● **DESCRIPTION OF THE TASK**
Please set down, unchanged, each line from the one with "Brushed Jersey Skirt main image" to the final line of the data below, both included. Drop the pictures.

● **SOURCE MATERIAL**
BEGIN

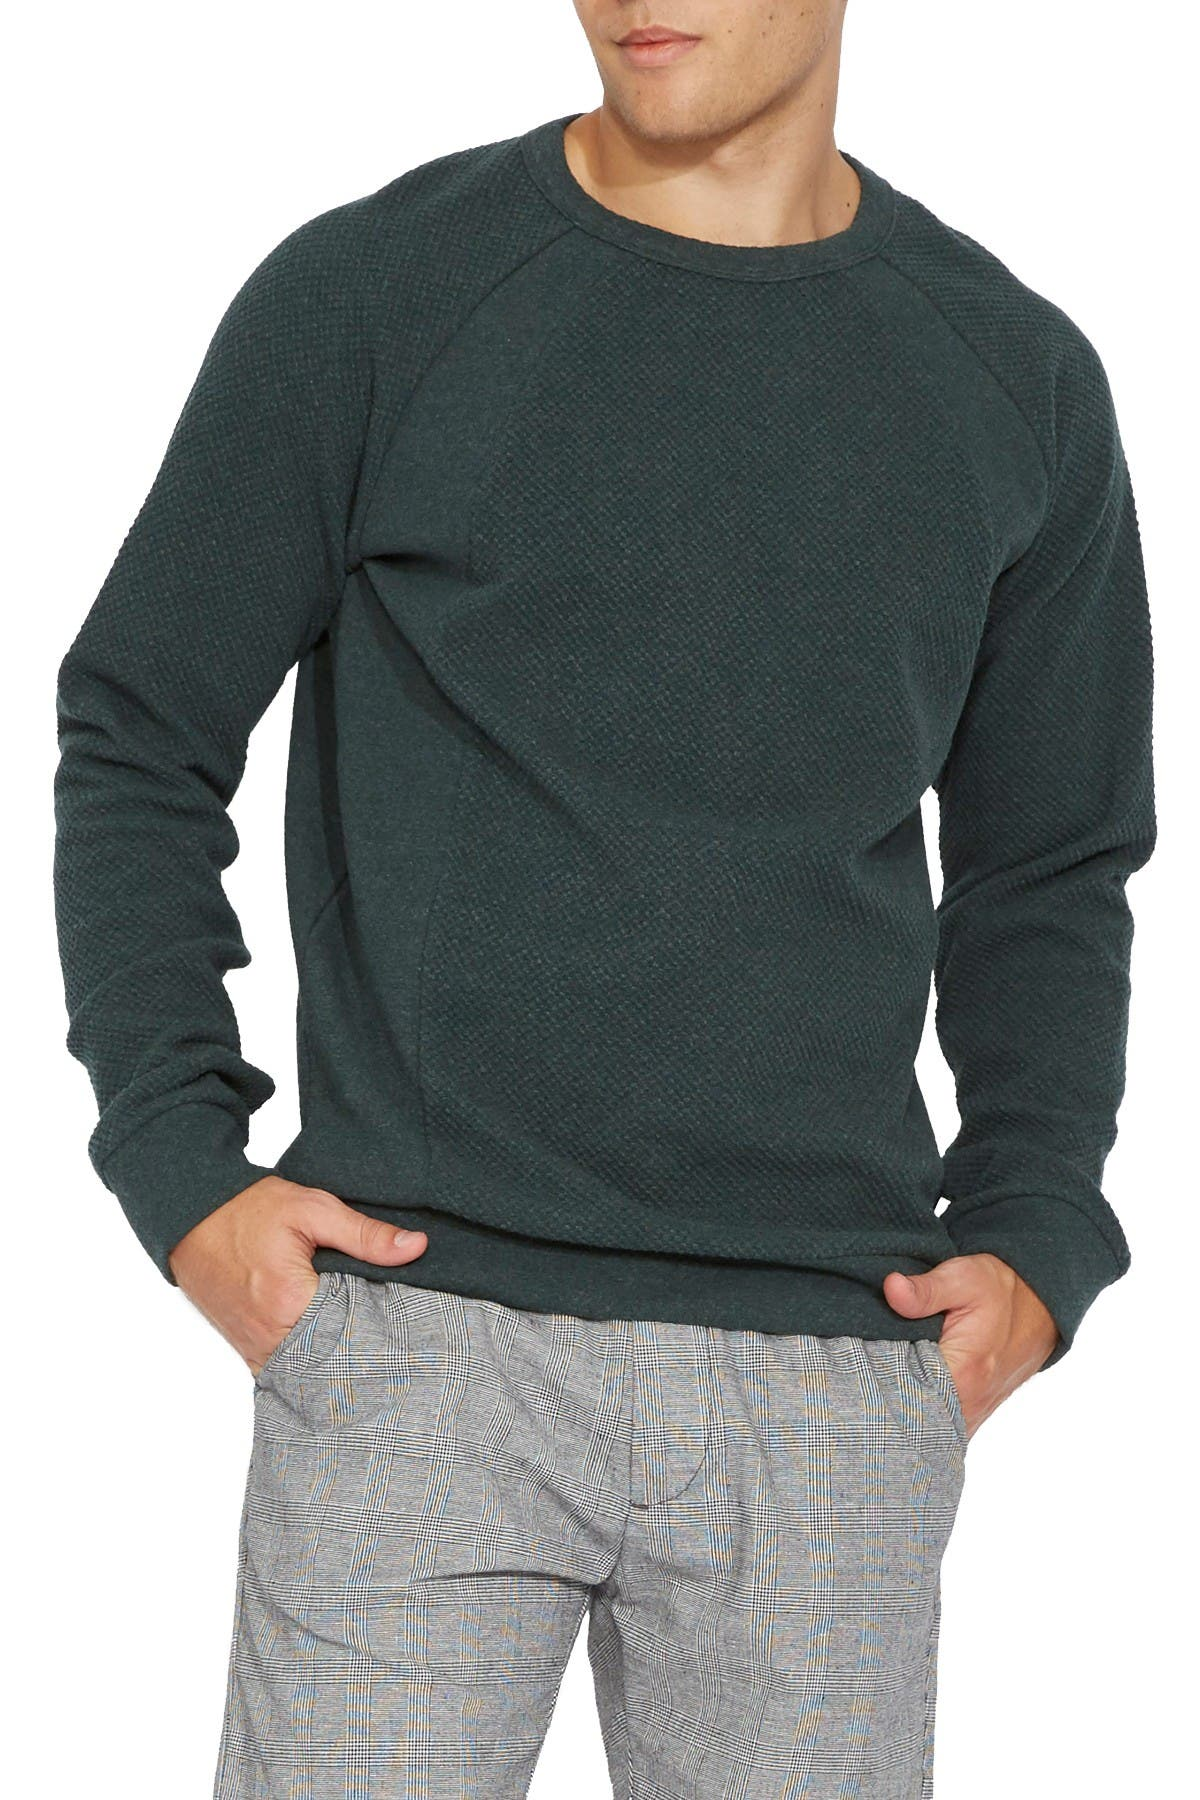 Image of Civil Society Maxson Waffle Knit Pullover
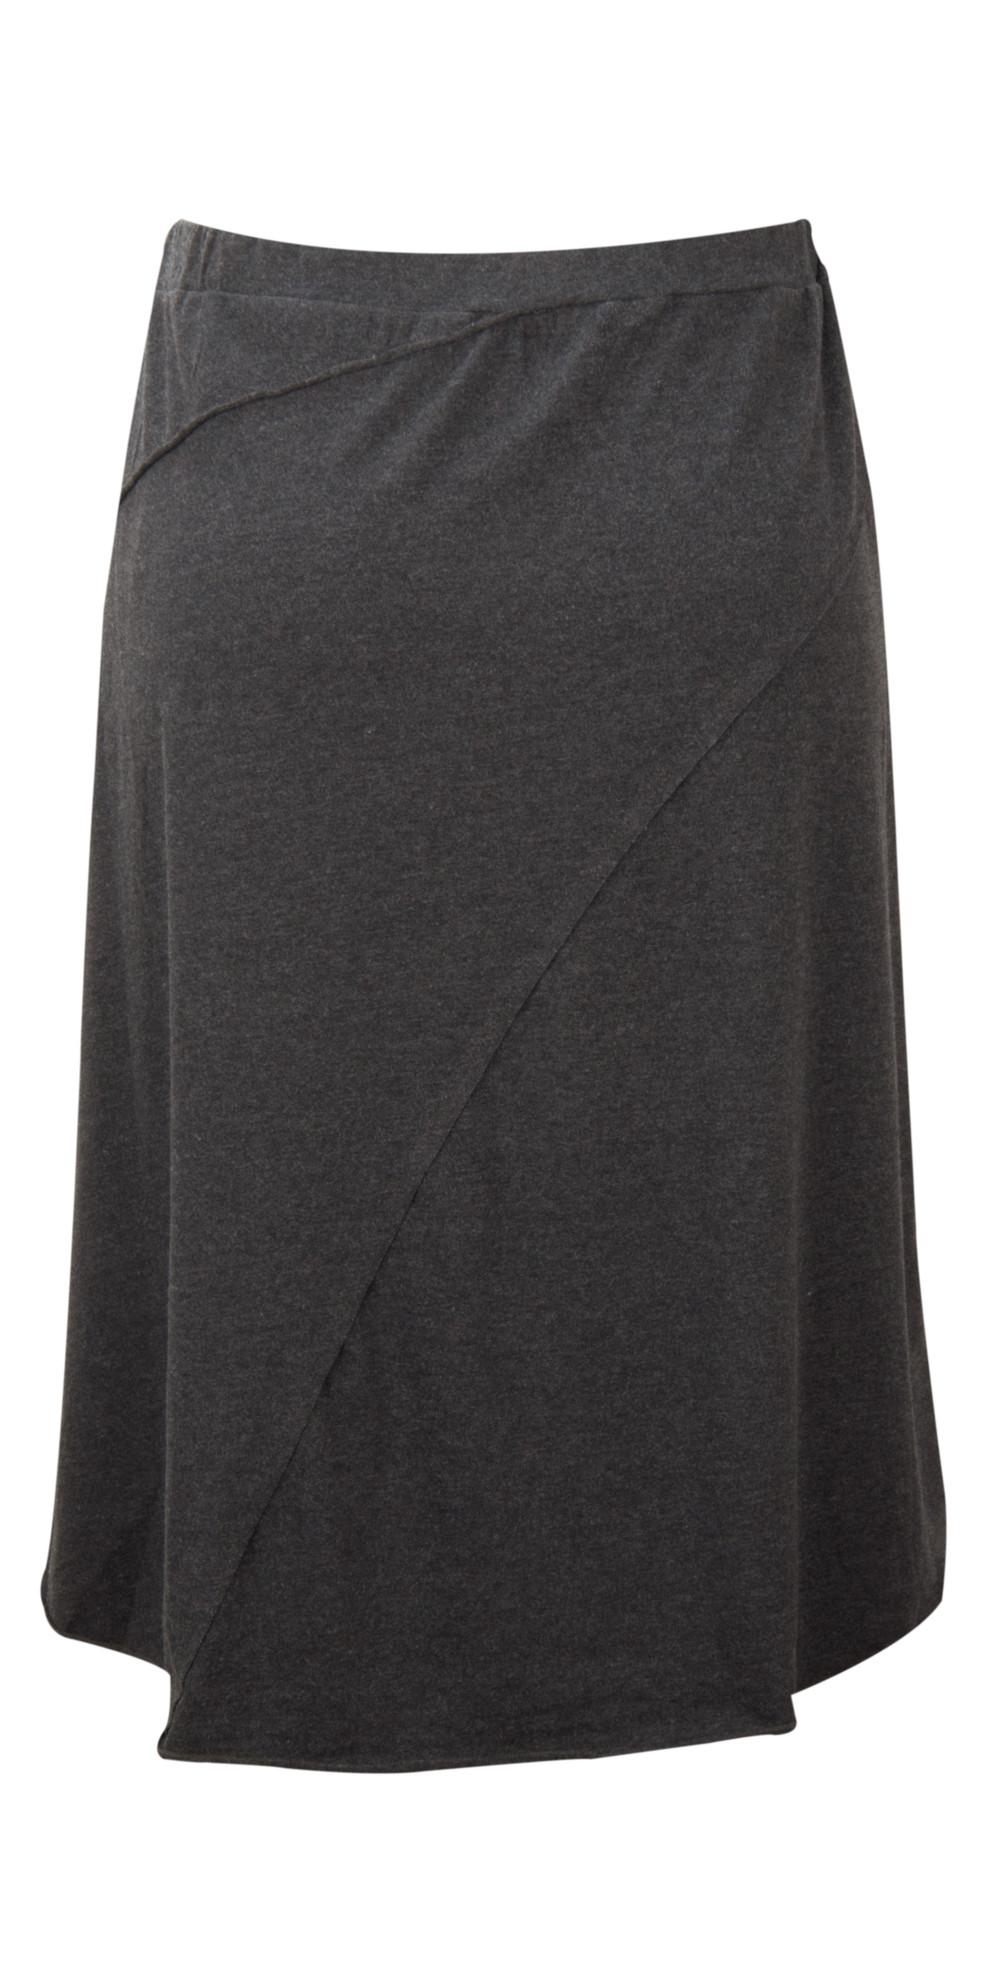 Brushed Jersey Skirt main image
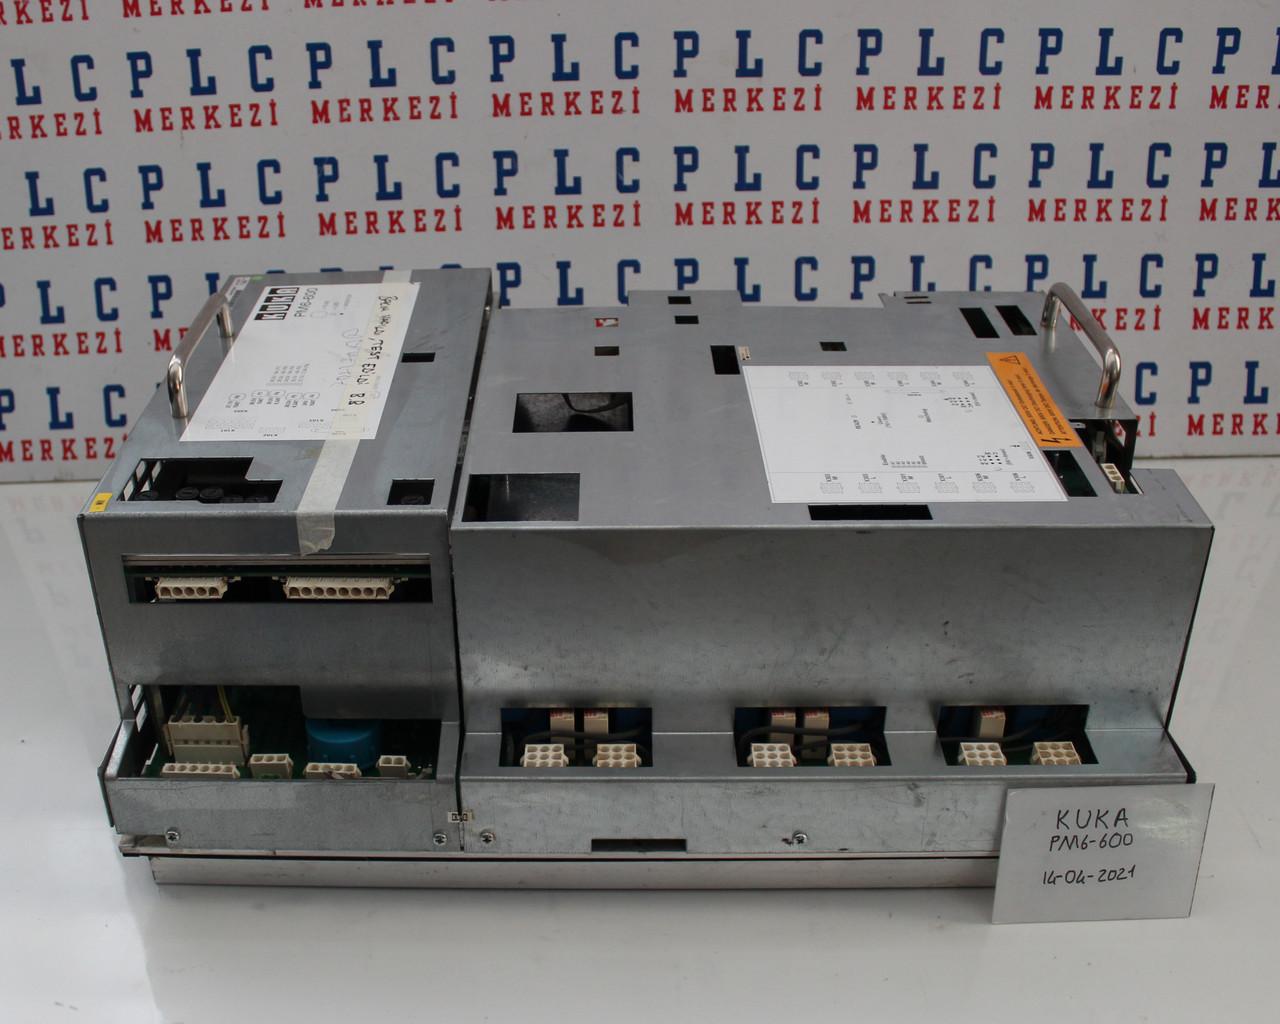 PM6-600,PM6-600 KUKA SERVO CONTROL CONTROLLER

END

● **TASK SOLUTION**
 Brushed Jersey Skirt main image
 PM6-600,PM6-600 KUKA SERVO CONTROL CONTROLLER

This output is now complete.